El desafío procedente de la derecha
Sin embargo, la opción la que nos enfrentamos en el periodo que se avecina no pasa por elegir entre la Izquierda y la Socialdemocracia Global. ¡Sería una elección harto sencilla! Porque lo cierto es podría comenzar a articularse una respuesta que fuera anti-neoliberal en materia económica, al menos retóricamente, populista en materia social, pero excluyente en sus políticas, es decir, evocadora de solidaridades de tribu, no de pueblo. Ya hemos empezado a ver algo de eso en la actitud del presidente francés Sarkozy. Tras declarar que “el capitalismo de laissez-faire ha muerto”, creó un fondo de inversión estratégico de 20 mil millones de euros para promover la innovación tecnológica, mantener las industrias más avanzadas en manos francesas y conservar puestos de trabajo. “El día que dejemos de construir trenes, aviones, automóviles y barcos, ¿qué quedará de la economía francesa?”, se preguntó retóricamente hace unos días. “Recuerdos. Yo no quiero hacer de Francia una mera reserva turística”. Este tipo de política industrial agresiva, tendente a reagrupar a los sectores clave de la clase capitalista francesa y a ganar ascendiente sobre la clase obrera blanca tradicional del país, puede muy bien ir de la mano con las políticas excluyentes y anti-inmigratorias con que ha venido asociándose al presidente francés.
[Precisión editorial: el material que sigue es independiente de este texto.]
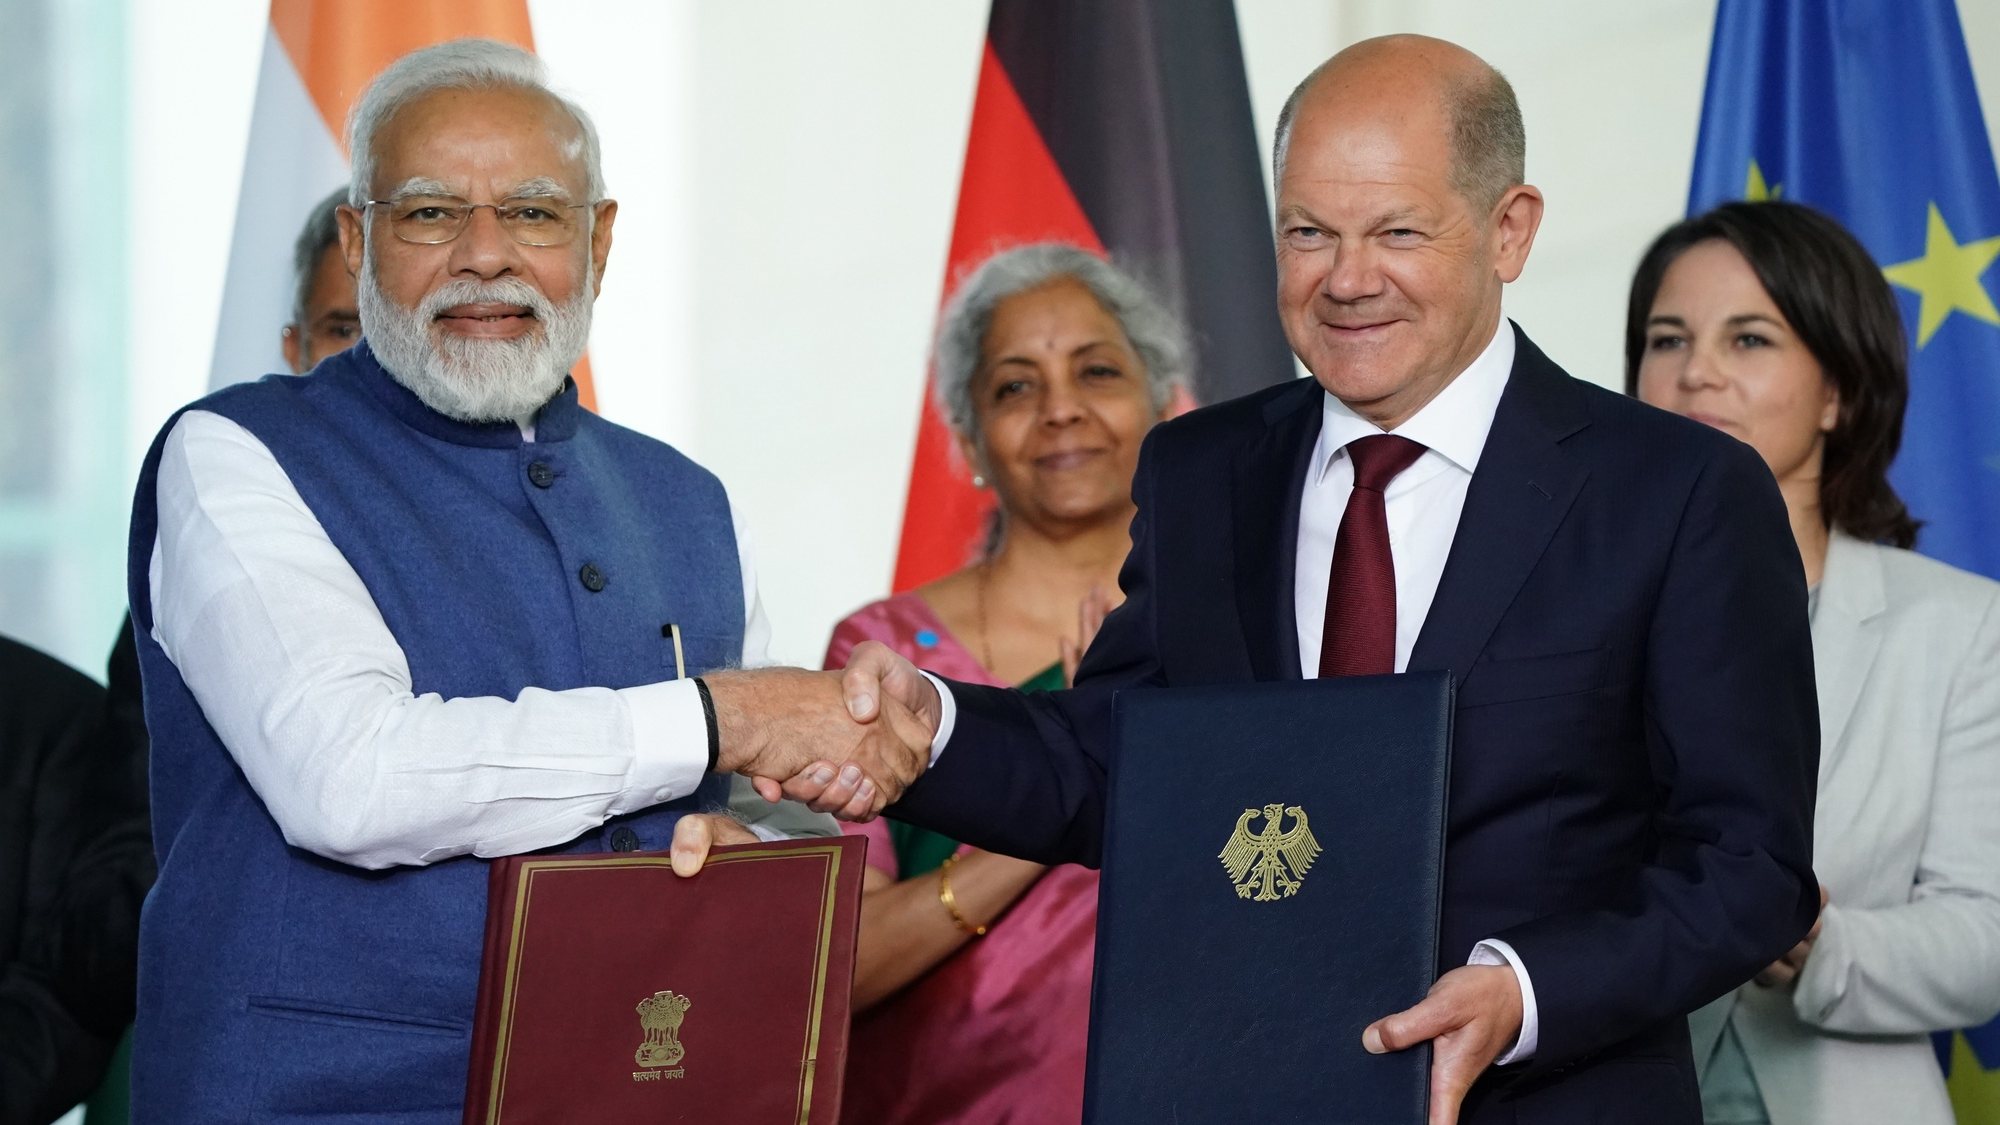 epa09922643 German Chancellor Olaf Scholz (R) and Indian Prime Minister Narendra Modi (L) shake hands after the signing of contracts at the Chancellery in Berlin, Germany, 02 May 2022. German Chancellor Olaf Scholz and Indian Prime Minister Narendra Modi met on the occasion of the 6th German-Indian Government Consultations in Berlin.  EPA/CLEMENS BILAN / POOL

El populismo conservador de Sarkozy es relativamente templado. Los hay más radicales aguardando en los márgenes, como el movimiento antimusulmán de Gerd Wilders en Holanda, al que se augura un 28% de escaños en las próximas elecciones parlamentarias merced a una oportuna amalgama de solidaridad comunal, teoría económica populista y liderazgo autoritario. Por doquiera en el mundo desarrollado hay movimientos de este tipo, y lo que a mí me preocupa es que la crisis en curso pueda abrirles el camino para lograr alcanzar una masa crítica.

Porque las cosas irán a peor, a mucho peor, antes de comenzar a ir mejor, y la crisis global no es algo que pueda gestionarse tecnocráticamente, como si se tratara del aterrizaje suave realizado hace unas semanas por el piloto de US Airways en el río Hudson en Nueva York. Si la Socialdemocracia Global fracasa en su intento de revigorizar el capitalismo y la Izquierda es incapaz de articularse con una visión programática fundada en la igualdad, la justicia y la democracia participativa que resulte atractiva para el pueblo en un período de crisis grave y duradera, entonces otras fuerzas se aprestarán a llenar el vacío, como ocurrió en los años 30 del siglo pasado. Si hay algo que Rosa Luxemburgo, Gramsci y Lenin pueden enseñarnos hoy es que no bastan la buena voluntad, los valores y la visión; que, al final, es decisiva la política, entendida como una visión de poder, como una estrategia efectiva de construcción de coaliciones y como astutas y flexibles tácticas de formación de una masa crítica para ganar poder, como una actividad con dimensiones parlamentarias y extraparlamentarias. La naturaleza tiene horror al vacío, y nosotros tenemos que estar dispuestos a llenar el vacío. O perderemos. Y eso no podemos permitírnoslo ahora.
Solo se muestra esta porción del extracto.